The decision of market regulator Securities and Exchange Board of India (Sebi) to allow lenders to convert part or all of their debt into equity in case of defaults will help banks reduce their bad assets, SBI MD P Pradeep Kumar told CNBC-TV18’s Latha Venkatesh and Sonia Shenoy.
“We had been requesting this for long,” he said.
According to the decision taken at a Sebi board meeting yesterday, banks can now swap their bad debts for equity without adhering to strict guidelines that are usually outlined takeover, such as pricing equity at historical market price or tendering an open offer for minority shareholders.
The regulator said it would later publish an equity pricing formula for such conversions based upon face value or fair value instead of historical market price.
Below is the transcript of the interview on CNBC-TV18.
Latha: What does this mean for banks? Was this the one reason why you were not able to convert debt into equity and take over bad assets?
A: We have been requesting Reserve Bank of India (RBI) and Securities and Exchange Board of India (Sebi) for this enablement. The Sebi takeover code had a pricing for the conversion of our debts or interest into equity for listed companies as the higher of average of the last six months or the last fortnight. This we thought was not the right conversion price for debt or interest for stressed companies.
So, we had been requesting the RBI to intervene with Sebi for changing this formula which we thought was in the favour of the minority shareholders but not in the interest of the financial institutions.
We will have to see the fine print, what are all the details for the conversion but that is what I have seen is that it will be either at face value, at fair value. This will enable banks to convert in a stressed company to convert their debt or interest into equity.
Latha: It says you can’t go below face value as well it says that banks have to take over at least 51 percent of the equity. Does that restrict the number of cases?
A: It does restrict. Whether it is restrictive below 51 percent or you should have 51 percent prior to the conversion I was not too sure. We will have to wait for the guidelines. If we have to get the minimum of 51 percent it could be slightly difficult; there will be many cases before conversion where we will not have a very high percentage of shares pledged with us.
Sonia: Since we don’t have the final guidelines do you have any indication of how these new norms will help alleviate the non performing asset (NPA) issues or the stressed assets issues?
A: There will be no immediate effect. It will give us an ability to convert maybe at the right price. When we are able to convert at right price perhaps the lenders will have close to 51 percent and it will be easy to lookout for a buyer who will be interested in this stressed asset which we are not able to do right now.
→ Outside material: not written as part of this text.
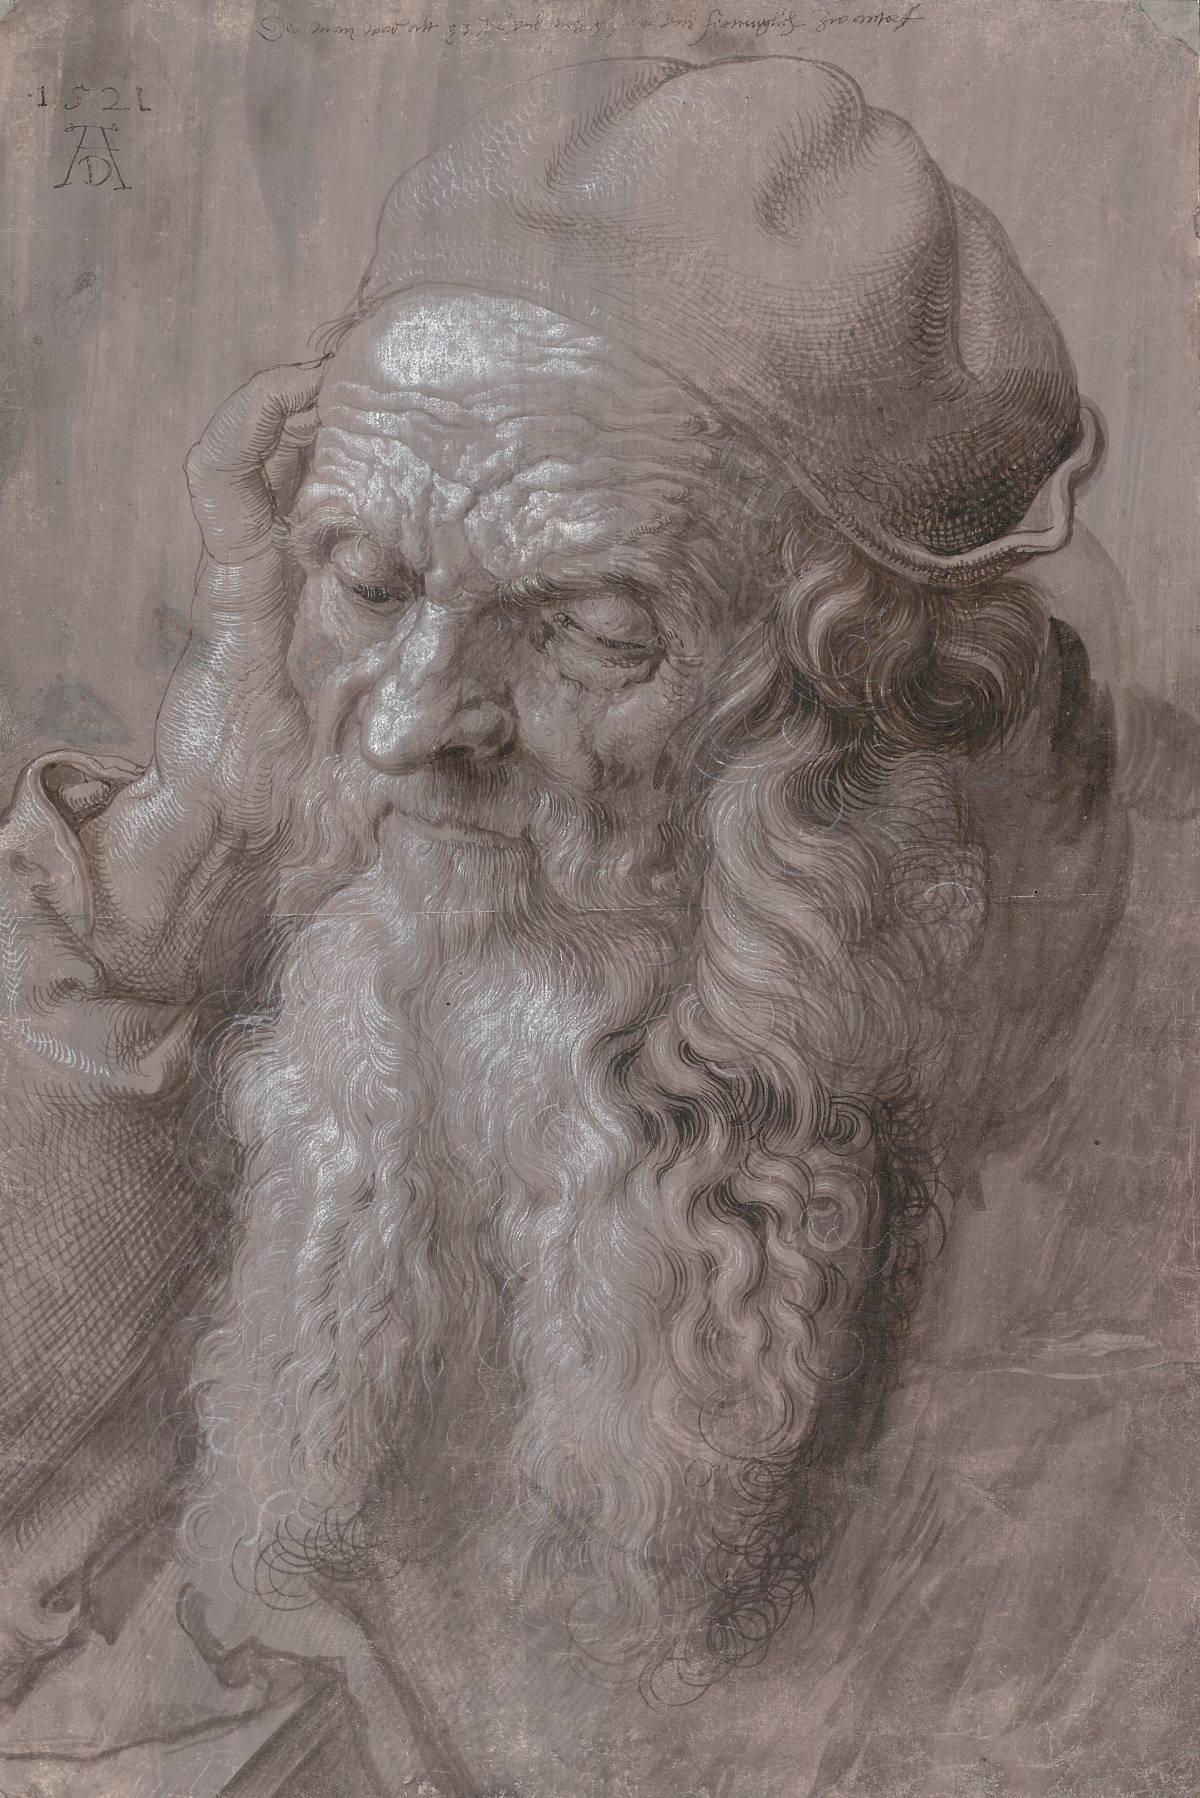 Albrecht Durer: un uomo di novantatré anni, 1521

Latha: I was speaking to a bunch of bankers over the weekend and they were pretty disturbed by the prices for coal as well as the trend that will become evident for all mines, all minerals. They were worried that a lot of power companies will now even those otherwise able to pay their loans may not be able to. Do you fear that this specifically will push more power companies into non performing loans (NPLs)?
A: We have to look at each company separately because each company has a bid different at rates. We have been talking to all the major companies which have won the coal blocks. So, as of now we don’t have any great fear of additional stress in the power portfolio which we have. However, we have not had discussions with all the companies; we will have to wait and see how the coal prices will affect the ability of the companies to repay.